Beacon Hill is a calcareous grassland chalk downland habitat and as such is scarce and home to some unusual and rare species. Many chalk grassland slopes in England show the mark of centuries of grazing by sheep, the slopes bearing a stepped appearance formed by a mixture of soil creep and sheep paths. Such erosion is clearly visible on the slopes of Beacon Hill.

The site includes an extensive stand of juniper Juniperus communis, privet Ligustrum vulgare, buckthorn Rhamnus catharticus, rose Rosa spp., bramble Rubus spp., wayfaring tree Viburnum lantana and hawthorn (Crataegus monogyna) and whitebeam Sorbus aria, which covers circa 20 ha to the west-facing slopes.
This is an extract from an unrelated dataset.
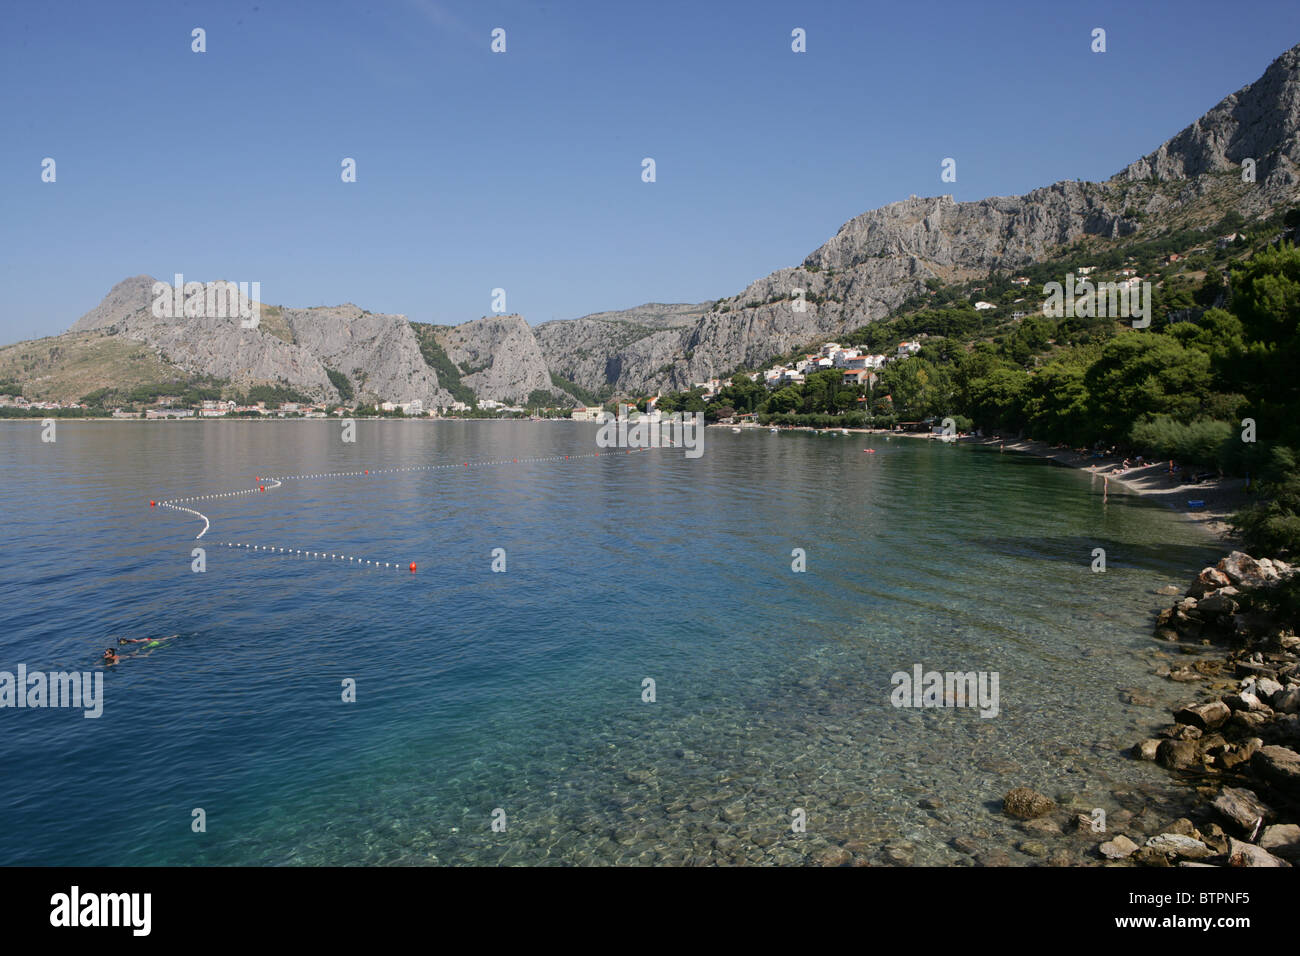 Les eaux claires de la mer Adriatique, près de la ville de Zadar, Croatie Banque D'Images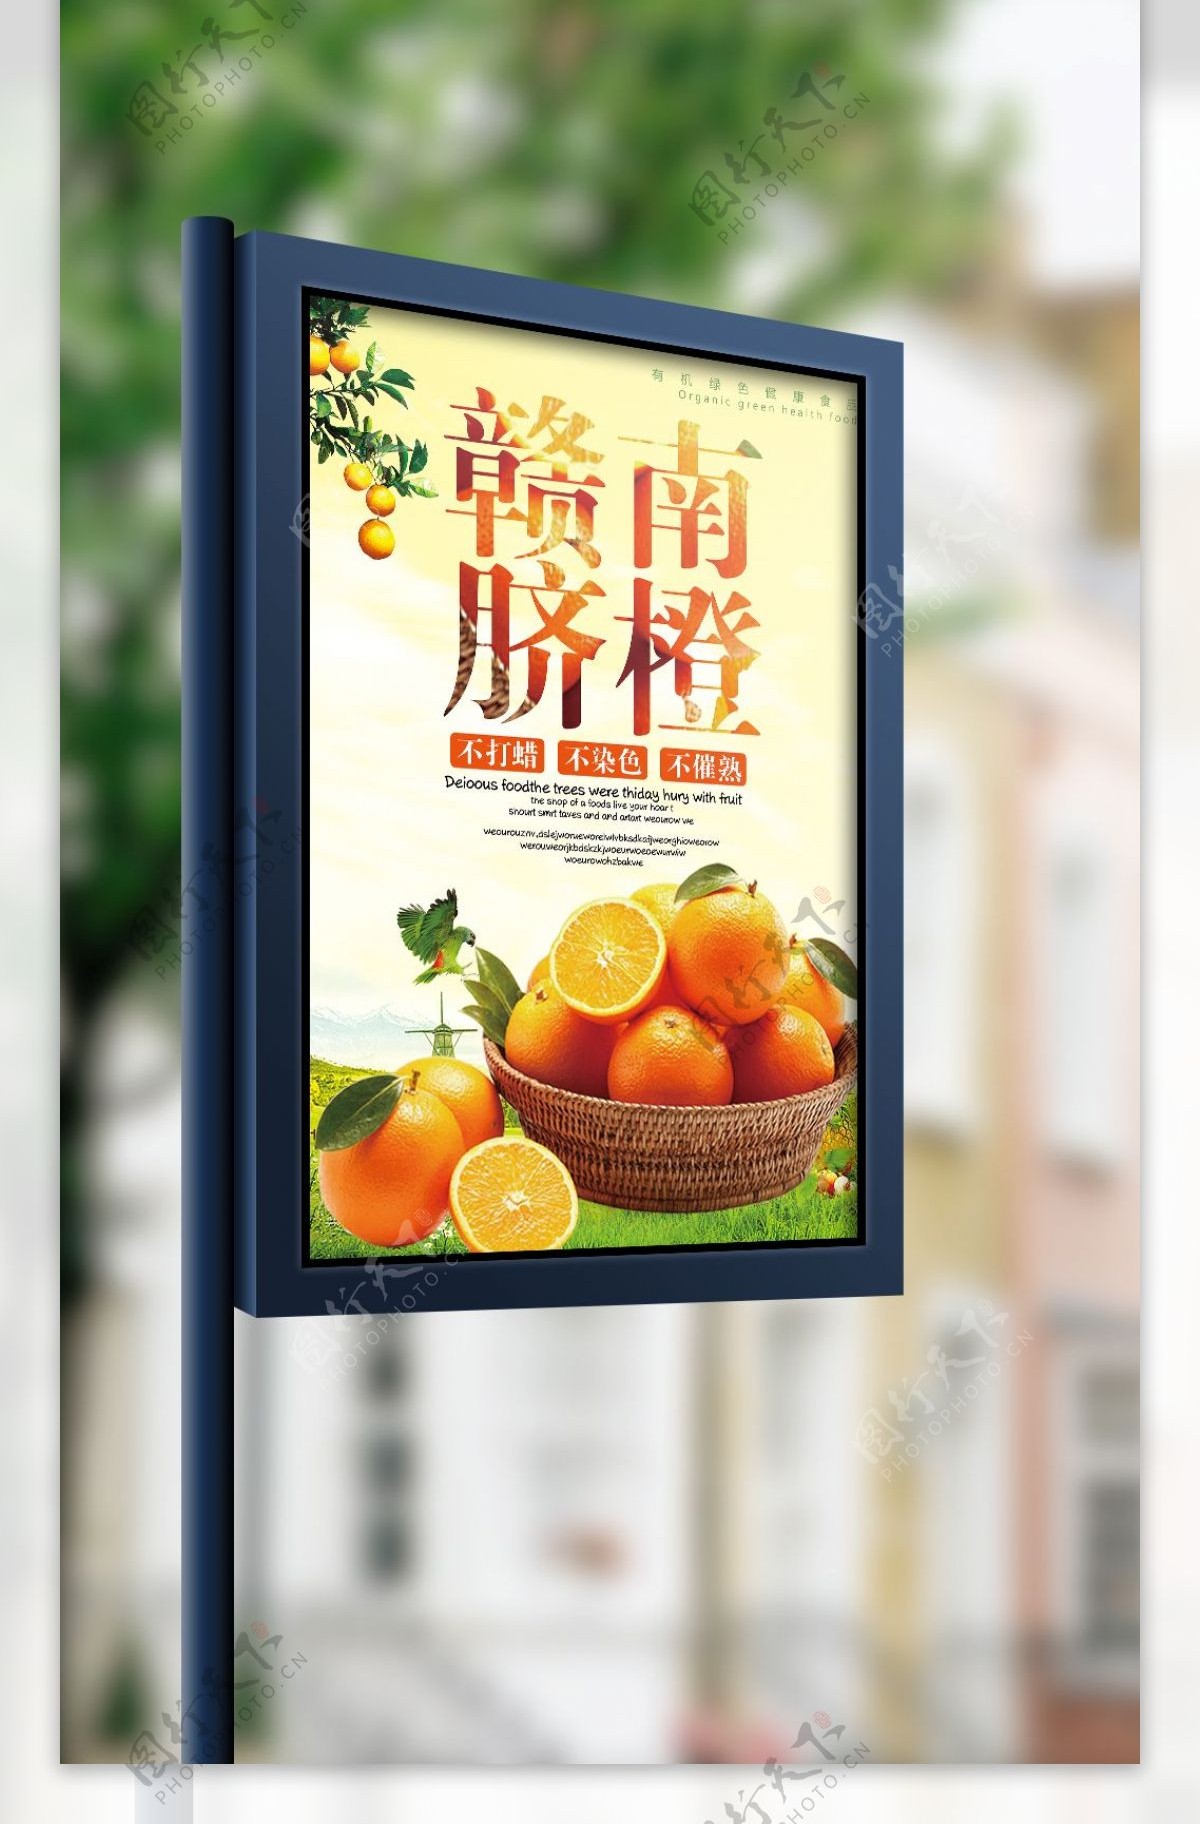 2017时尚大气赣南脐橙水果海报设计模板

There is little evidence of juniper regeneration (and some moribund bushes) and the site is probably witnessing a transition from juniper to a mixed scrub community, with the early indications of an eventual succession of woodland. The scrub is unusual on the chalk in lacking a yew Taxus baccata and ash Fraxinus excelsior component.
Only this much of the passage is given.